If it wasn’t for Owen Farrell’s indifferent kicking display, missing three out of five penalties, England could have taken the game away from them. arrell would redeem himself by scoring the winning try in the second half.

Quade Cooper is rediscovering his once electric form
The performance of Quade Cooper against England was at times back to the levels of 2011, when he ran riot with the Reds in their Super Rugby winning season and Australia’s Tri Nations triumph.

He directed the play and passed well, a lovely pass to Folau a notable highlight. Cooper linked well with centre Matt Toomua and it is a partnership that could blossom if given the chance by McKenzie.

A missed penalty that could have made the score 16-6 early in the second half was crucial, as England soon capitalised by scoring two unanswered tries.

But Cooper’s performance was one of a man beginning to rediscover the form that made him loved by Queenslanders and grudgingly respected by his enemies, whether they be in or out of Australia.

England’s new centre pairing is still a work in progress
While the forwards were dominant, the backs were disjointed at times.

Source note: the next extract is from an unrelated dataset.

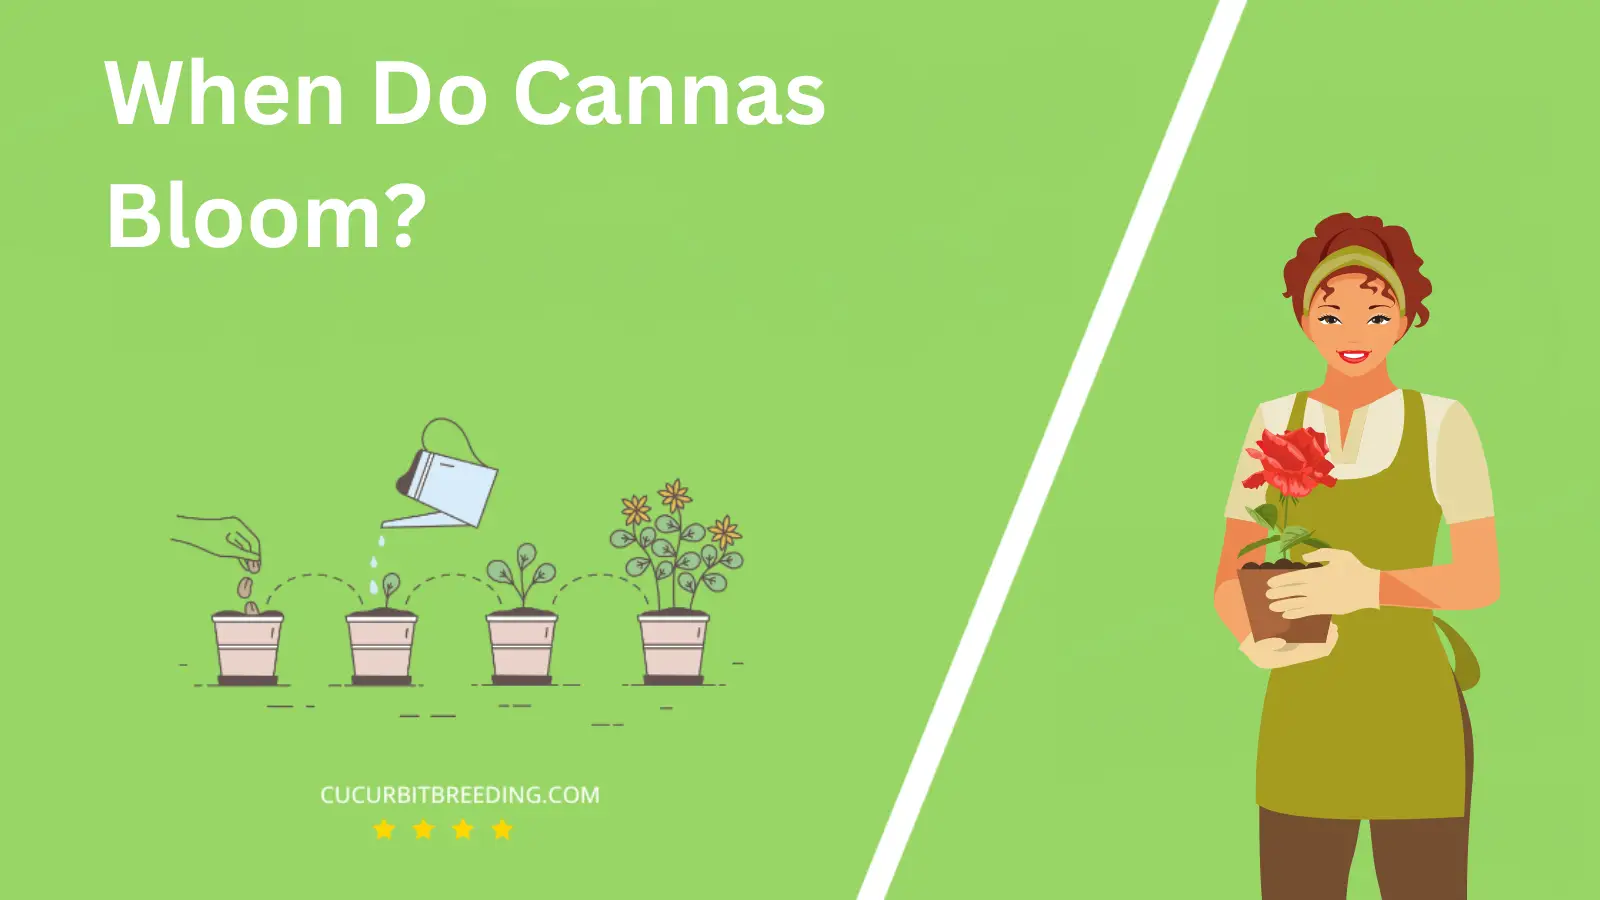 When Do Cannas Bloom?

Handling errors were a source of constant frustration for England after they managed to move deep into Australian territory.

The new centre pairing of Billy Twelvetrees and Joel Tomkins lacked spark or conviction. It was Twelvetrees’ feeble tackle that led to Matt Toomua scoring, while Tomkins failed to show that spark his brother Sam showed that prompted the New Zealand Warriors to pay a world record transfer fee for him.

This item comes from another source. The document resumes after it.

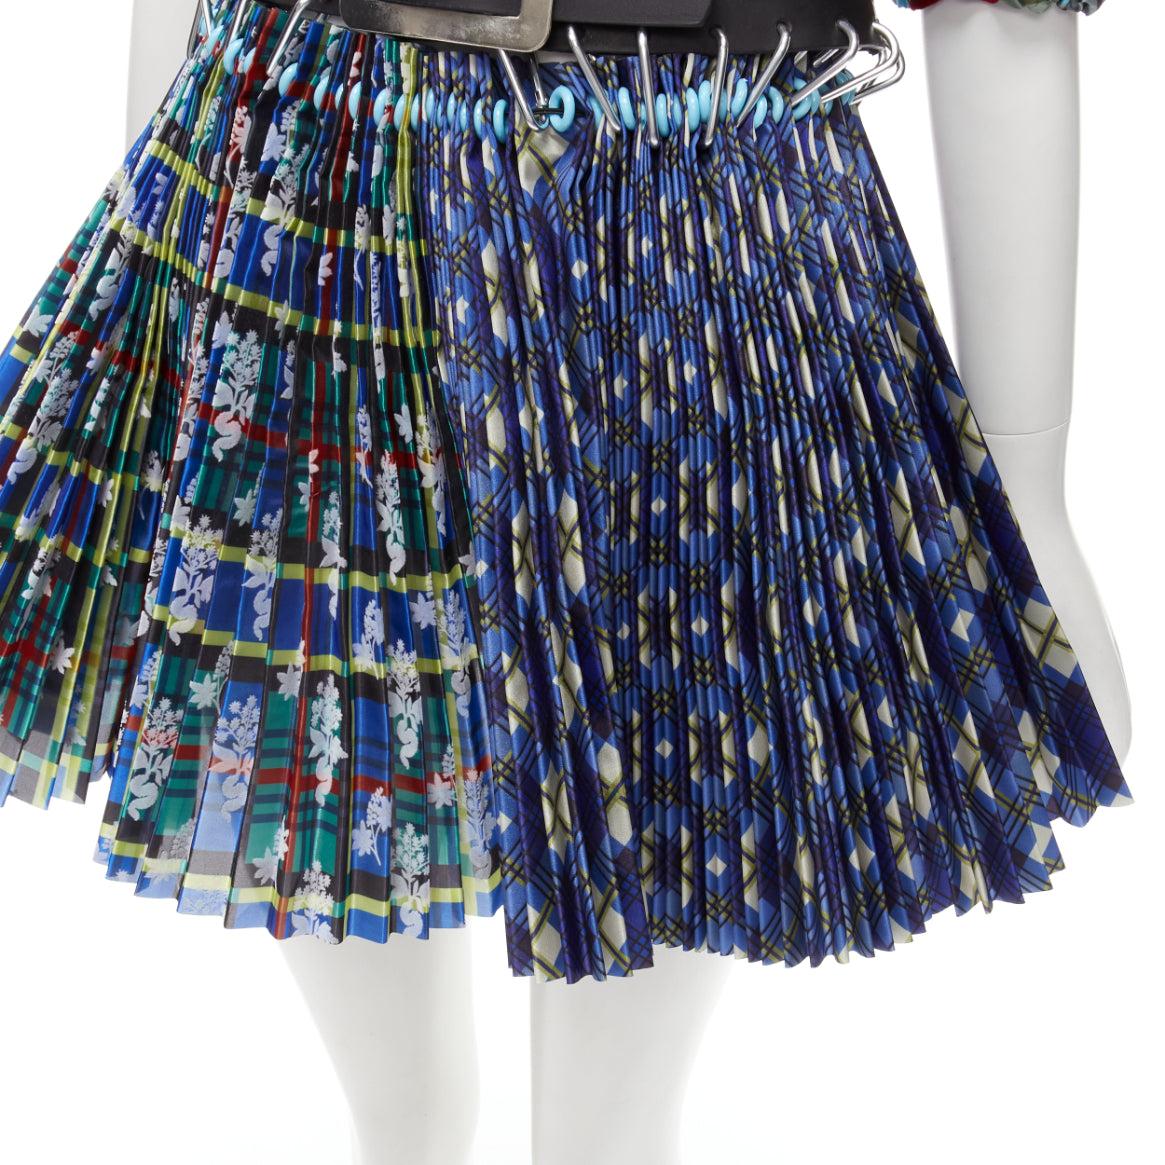 CHOPOVA LOWENA Punk blue plaid floral damask pleated eyelet skirt belted dress S 4

It was a missed opportunity for both players to show Lancaster what they can do. Twelvetrees might start against the Pumas next week, but Tomkins could be replaced depending whether Lancaster gives him another chance.

Mike Brown’s MOTM display helps his race for the No.15 jersey
Though the backs as a whole failed to match the prowess of the forwards, there was one man among the England backs that did – Mike Brown.

The Harlequins fullback showed Lancaster just why he should be moved from the wing to fullback for England with an assured performance. His line break from his own tryline helped rejuvenate England (though his foot was in touch) at a period when they were down 13-3.

Coupled with the replacements England made, with Ben Youngs adding pace, the English were able to take control of the game and score those two important tries.

But the contribution of Mike Brown was crucial not just for England, but also for himself. It will go a long way in help take control and keep hold of the No.15 jersey over Ben Foden and Alex Goode.

It was a good victory for England, showing character and strength – especially when they were down by ten points. That is something that will please Lancaster ahead of next week’s bruising encounter against Argentina.

Italy is a potential banana skin
Australia next travel to Turin to play Italy in what will be a tough game.

Out of the five Northern Hemisphere teams Australia play, it is the Italians who arguably have the strongest pack. Head coach Jacques Brunel will no doubt try to utilise his pack to trouble the Wallabies and try to get that historic victory.

The Italians have improved under Brunel, showing a new style under his tenure – one that likes to be more expansive and keen to offload but still hold onto their love of scrummaging. Importantly it has gotten results, with wins France and Ireland in the Six Nations earlier this year.

Italy’s 30-man squad for the end of year Tests has some interesting additions.

Fly-half Tommaso Allan has declared for Italy ahead of Scotland, with Brunel using his connections in Perpignan (where he achieved hero status by winning them the Top 14 in 2009, and where Allan plays his rugby) to snare the 20-year-old as the man to solve Italy’s fly-half problems.

Secondly, the addition of young centre Michele Campagnaro shows Brunel wants to build up their stock of young backs. Campagnaro and Luca Morisi have shown good form for Treviso, with Campagnaro scoring for Treviso on Saturday.

But Brunel will look to first choice centre Tommaso Benvenuti and powerful winger Gio Venditti as their main attacking backline threat.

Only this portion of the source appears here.